You can ask natural language questions about the sample data using Catalog Explorer. The Assistant generates the SQL based on metadata context and table usage patterns. After the query is generated, you can validate the query and then run it against the underlying table.

 

 

Restore Python Variables after idle termination in Serverless Notebooks

Databricks snapshots your notebook’s Python variables before terminating idle serverless compute. When you reconnect your notebook is automatically restored from its snapshot letting you continue your work seamlessly.

🤖GenAI & ML

Expanding region availability for ai_parse_document

ai_parse_document is now available in the following regions (AWS):
us-west-2/ us-east-1/ us-east-2 /ap-northeast-1 /ap-northeast-2 /ap-south-1 /ap-southeast-1
ap-southeast-2/ca-central-1/eu-central-1 /eu-west-1 /eu-west-2 /sa-east-1

Agent Bricks: Multi-Agent Supervisor is in Beta

Agent Bricks: Multi-Agent Supervisor supports designing a multi-agent AI system that combines Genie spaces and Knowledge Assistant agent endpoints to work together on complex tasks that require different specialized skills. Documentation

Google Gemma 3 12B is available on Mosaic AI Model Serving

Gemma 3 12B supports text inputs for foundation models APIs pay-per-token and provisioned throughput and AI functions.

📝AIBI Genie

 
  • Caching enhancements speed up question performance when starting a new Genie session.

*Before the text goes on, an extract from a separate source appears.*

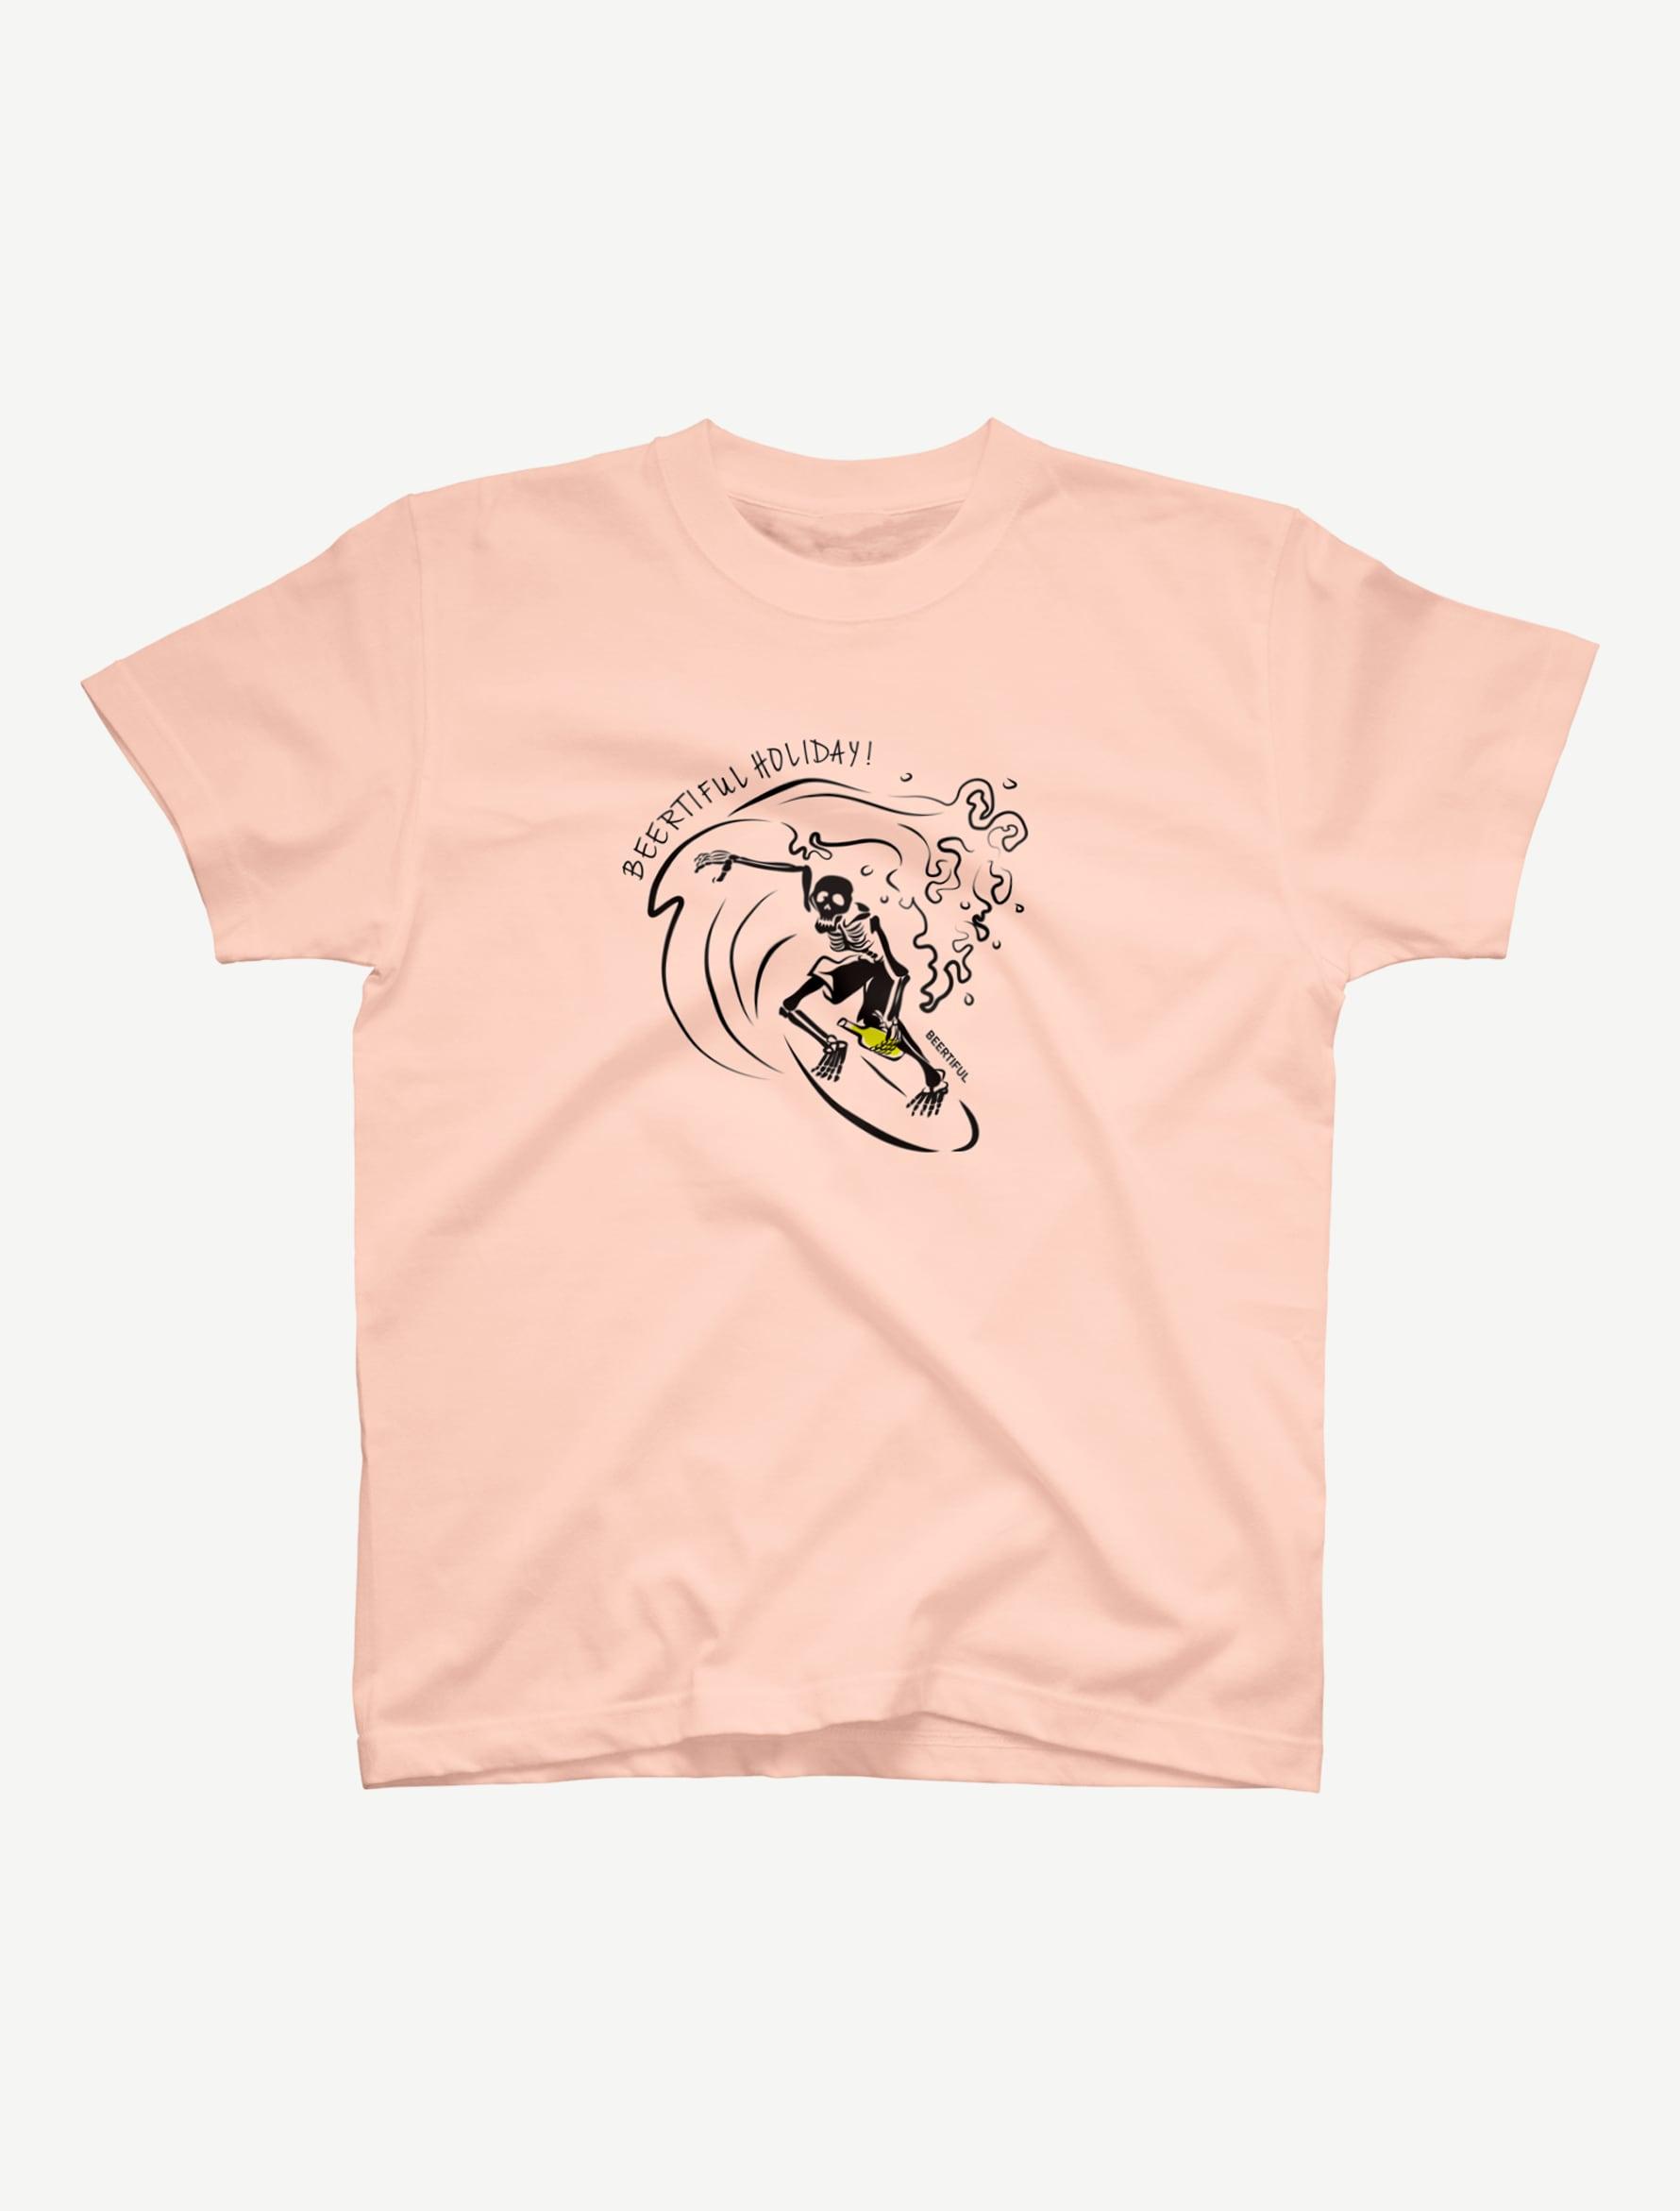 【サーフィンガイコツ】Tシャツ(アプリコット)

  • Genie automatically cancels query executions that take longer than 15 minutes to execute.

  • Genie allows editable parameters on date and numeric fields, expanding beyond previous support for string fields.

  • You can edit Genie space descriptions directly in place.

📊AIBI Dashboard

  • Authors can now undo and redo actions on the canvas using keyboard shortcuts or the toolbar.

  • Within the Add data dialog, authors can now filter to show only metric views.

  • Custom calculations now support AGGREGATE OVER to enable window function-like behavior, such as computing moving averages and running totals. 📖Documentation

  • The maximum number of pages per dashboard has increased from ten to fifteen.

  • Support for parameterized schedules has been restored. 📖Documentation

🛡️Governance

Unity Catalog Python User-defined Table functions

You can now register Python UDTFs in Unity Catalog for centralized governance and reusable logic across SQL queries. 📖Documentation

Scalar Python UDFs support service credentials

Scalar Python UDFs can use Unity Catalog service credentials to securely access external cloud services. This is useful for integrating operations such as cloud-based tokenization, encryption, or secret management directly into your data transformations.

🔍 Data Warehousing

IDENTIFIER support is now available in Databricks SQL for catalog operations.

CAN VIEW permission on SQL Warehouse is GA

The permission allows users to view SQL Warehouse, query history, and query profiles.

Expanded Spatial SQL expressions and Geometry and Geography Data types

Support for advanced spatial analytics and collation at the schema/catalog level simplifies complex location-based analytics and ensures consistency across all database objects, reducing friction in data warehousing projects. More than 80 new spatial SQL expressions are available. 📖Documentation

Support for Schema and Catalog level default collation

You can set a default collation for schemas and catalogs in Databricks Runtime 17.1. This allows you to define a collation that applies to all objects created within the schema or catalog, ensuring consistent collation behavior across your data.